Everyone knows that debugging is twice as hard as writing a program in the first place. So if you’re as clever as you can be when you write it, how will you ever debug it?

— Brian W. Kernighan

The other day at work I was trying to write a test using VCR, a popular Ruby tool (with ports to many other languages) that records and plays back HTTP calls to external services, so you can test your client without actually pinging the external server more than once. I ran into a problem, however. No matter what I did, VCR refused to record my test. Was it because I was testing a POST request instead of GET? Was it because I was using a file attachment? Were there bad file permissions on the cassette directory? Was it not properly hooking into my client’s HTTP library? I spent the better part of a Friday trying to solve the question of why VCR wasn’t recording my request and response.

On Monday, I sat down quickly found the problem: I had reorganized some of the code before writing the test and it was failing before a request could even be sent due to a missing import statement (thanks to Ruby for not making that a fatal error). The bug was embarrassingly easy to fix once I started to look for it. The problem was that I spent Friday looking for the wrong bug because I didn’t really understand how VCR works, so I couldn’t tell correct operation from incorrect operation.

Once at another job, we thought about using Django-polymorphic. Our use case was that we had base articles with certain basic features like title, body, and description plus specialized features like lead images or tags depending on the site. Using Django-polymorphic, we could make a query against the base article class and it would return a list of article sub-class instances based on each article’s type. Best of all, it did it all “magically”: no need to specify anything extra when you run the query, the correct results will automatically be returned by the ORM!

Within days of rolling out Django-polymorphic, a bug cropped up on our sites. We couldn’t trace the issue down, but we were convinced it must be a bug in Django-polymorphic. The magical wizard had betrayed us! Finally, in desperation, we ripped Django-polymorphic out, only to find… the problem was actually unrelated.

When we patched the problem, though, we didn’t put Django-polymorphic back.
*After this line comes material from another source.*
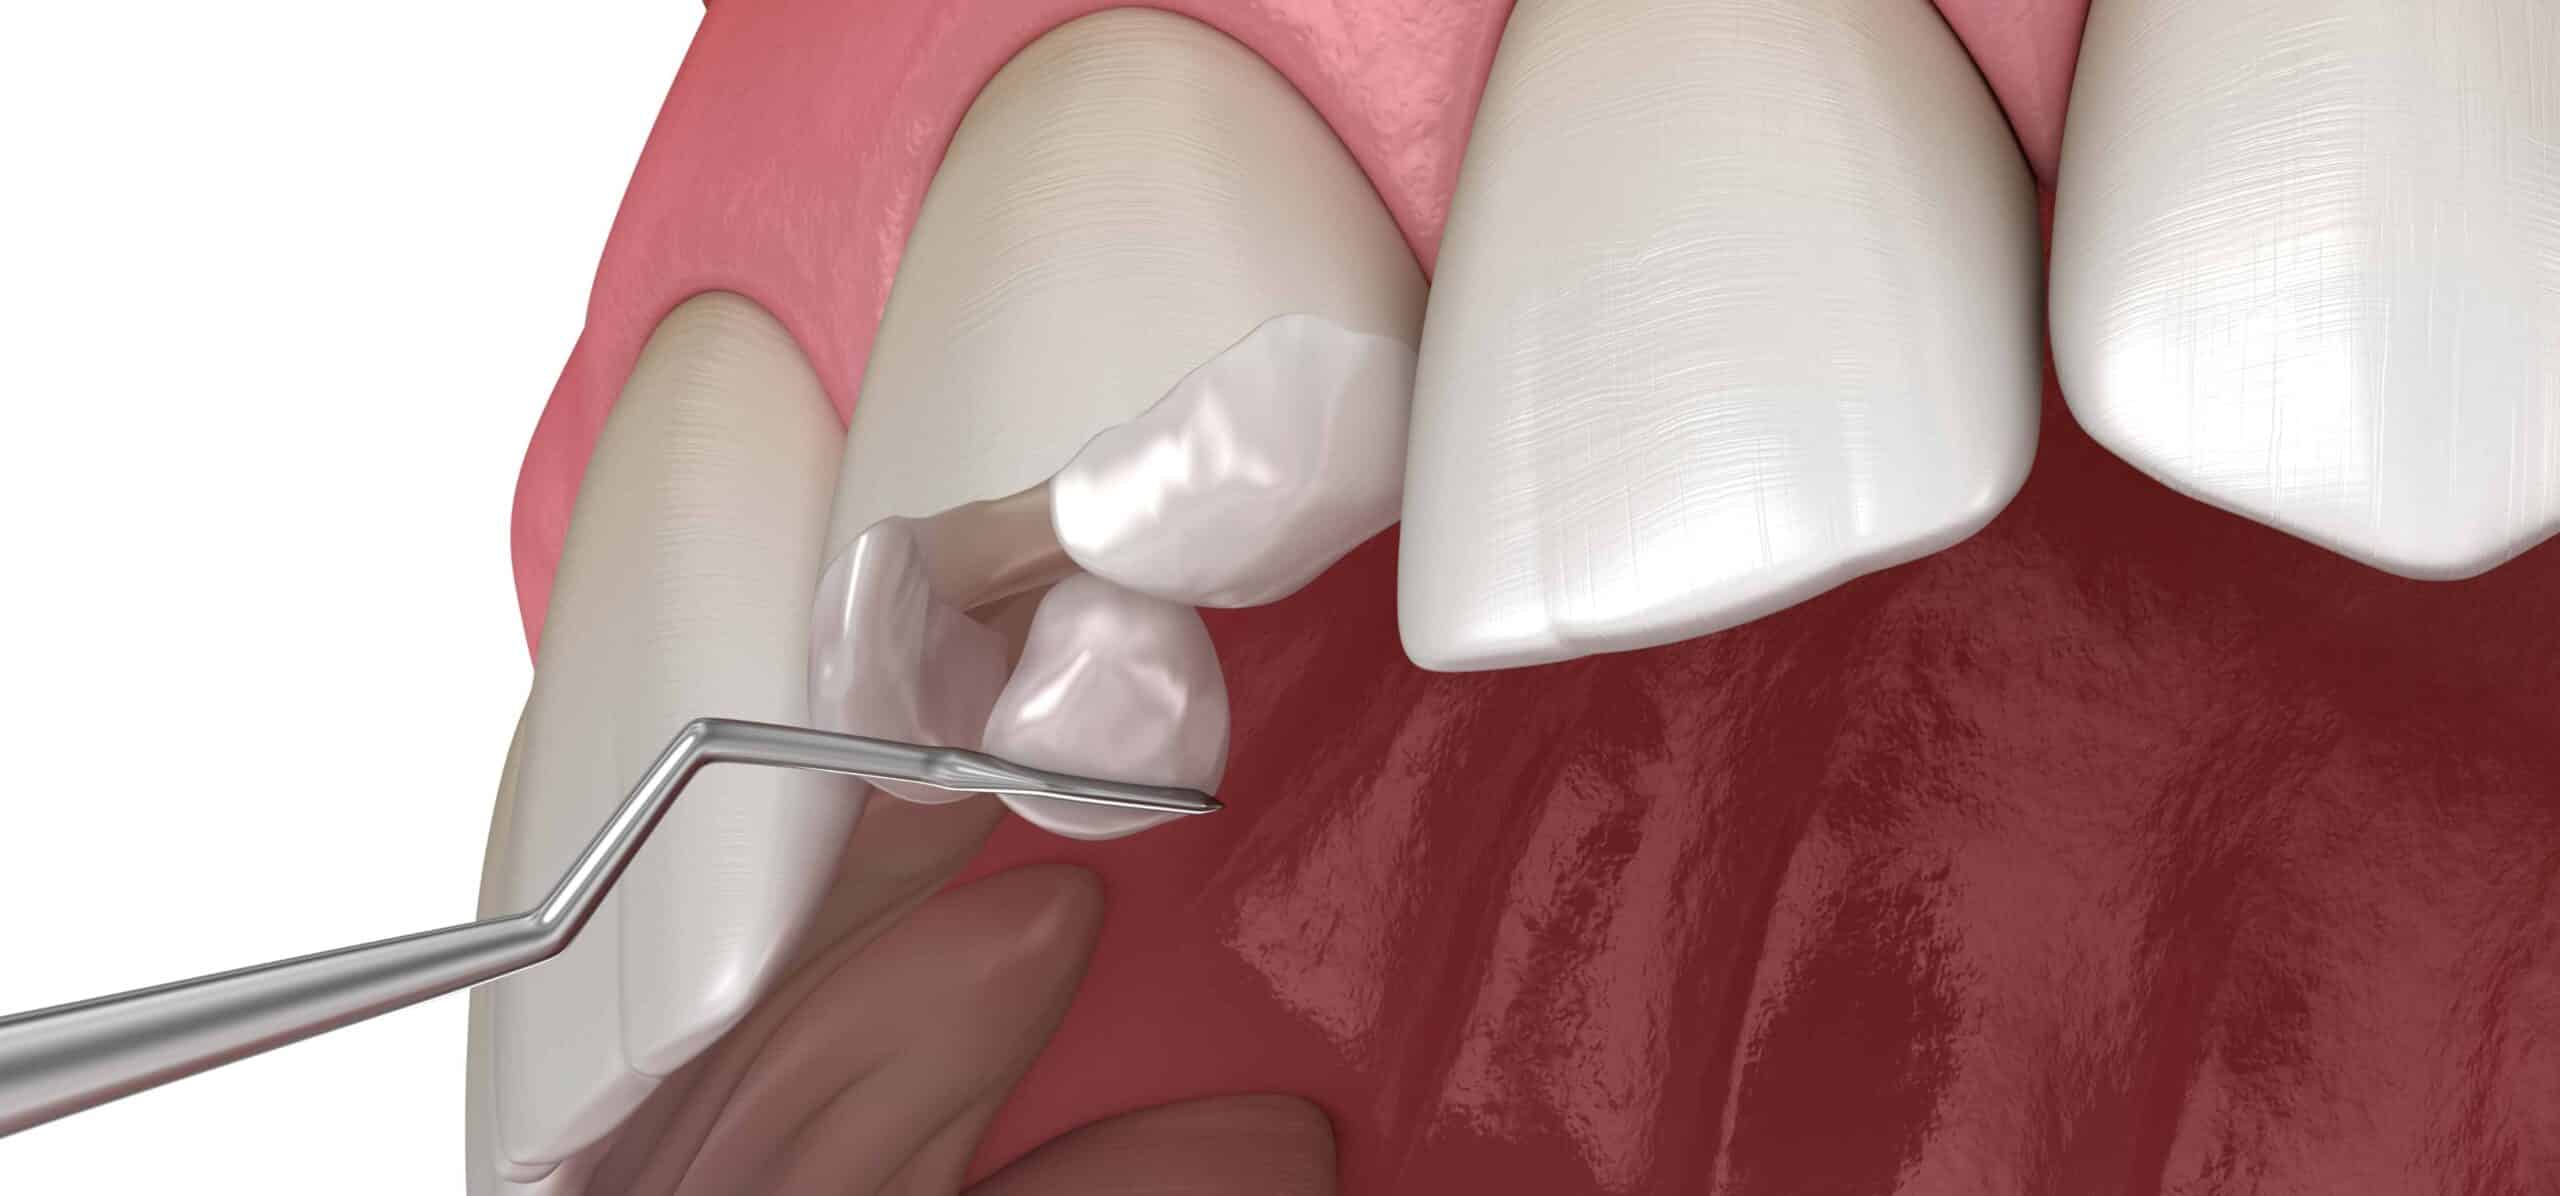 Peut-on réparer une dent cassée ? | Dr Temstet | Paris

Why? Because we realized that as long as we were using it but didn’t understand it, we would end up blaming all our hard to understand bugs on it, whether the magic inside of Django-polymorphic was the real cause or not. Magic was just too unpredictable. It was better to stick with something less elegant but better understood.

Any sufficiently advanced technology is indistinguishable from magic.

— Arthur C. Clarke

If you don’t know how a technology works, it seems magical to you. The flip-side of Clarke’s quote is one from Joel Spolsky:

All non-trivial abstractions, to some degree, are leaky.
Abstractions fail. Sometimes a little, sometimes a lot. There’s leakage. Things go wrong. It happens all over the place when you have abstractions.

Magic is wonderful when it works, but very few abstractions can be trusted not to break down occasionally. That’s not to argue that you can’t use abstractions. A modern computer system is nothing but a wobbling tower of poorly understood abstractions. It’s just when you aren’t aware of the abstractions your system is built on and something goes wrong, the best you can do is make like Lucy Lawless and say

A wizard did it.

Using “a wizard did it” as a plot contrivance is considered a bad way of writing fiction because the audience never knows what the stakes are. If the heroes get into trouble could a wizard just randomly save them? Or if they are about to win, could a wizard just randomly defeat them? The existence of wizards removes all narrative tension because the universe has no certainties.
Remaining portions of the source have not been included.